Every autumn coinciding with the peak of the Coho run on the Chignik River, we’d begin to hear a new voice as we pushed through thick stands of alders or walked by the village’s scattered spruce trees. By this time, there weren’t many other passerines around, and so there was no mistaking the high, almost cricket-like call of returning Golden-crowned Kinglets. They were a new species for for us, always in motion, difficult to locate in the dense alders and dark spruce boughs they prefer, and they are not indicated on the Alaska Peninsula on any of the range maps we checked – Cornell, Audubon, Sibley – so we were very happy when we finally got binoculars on them and could make positive identification. Kinglets tended to remain at The Lake throughout winter. At some point, they presumably had cleaned all the invertebrate eggs and dormant insects they could find and moved on to other grounds, but they were there every year in those fall and winter months and should be added to peninsular checklists and range maps.

The Tattler of Tattler Creek

Tattler Creek TattlerWandering Tattlers are an uncommon shorebird that can perhaps most reliable be encountered along Alaska’s upland creeks and where they nest.
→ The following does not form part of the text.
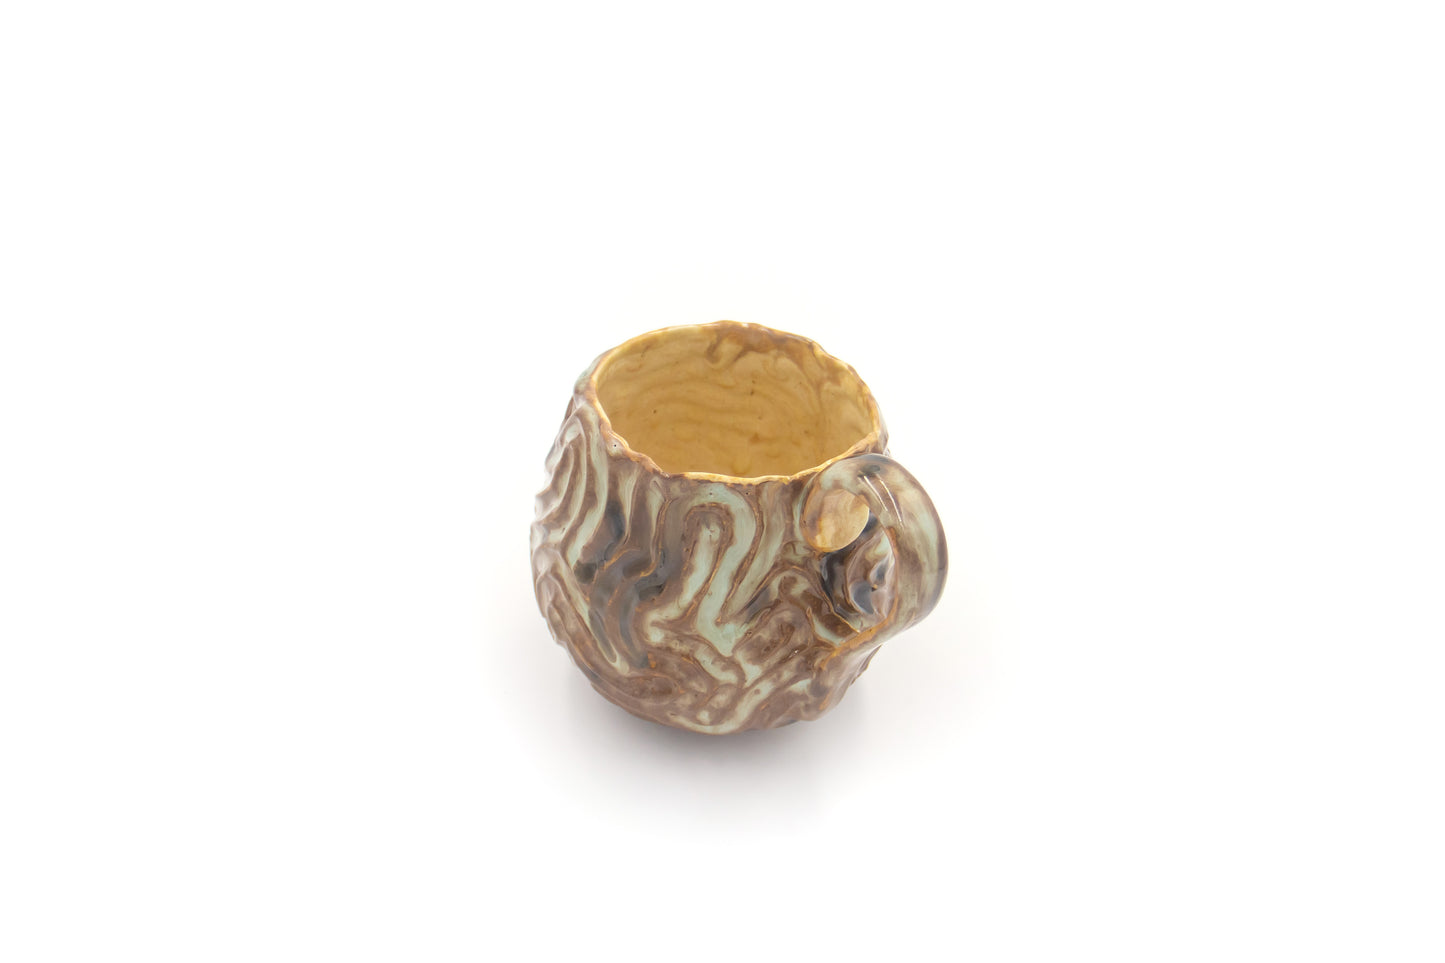 Kubek ceramiczny w kolorze brązowo-beżowym

The nests themselves are difficult to locate, though on one occasion we came upon tiny, recently-hatched peeps scurrying along a stony river shoreline. One day while visiting Denali National Park, Barbra and I hike up Tattler Creek to look for tattlers. We lucked out and got this photograph. Later, we saw them on the Chignik, often in pairs in late summer after the nesting season was complete and they were leaving the area.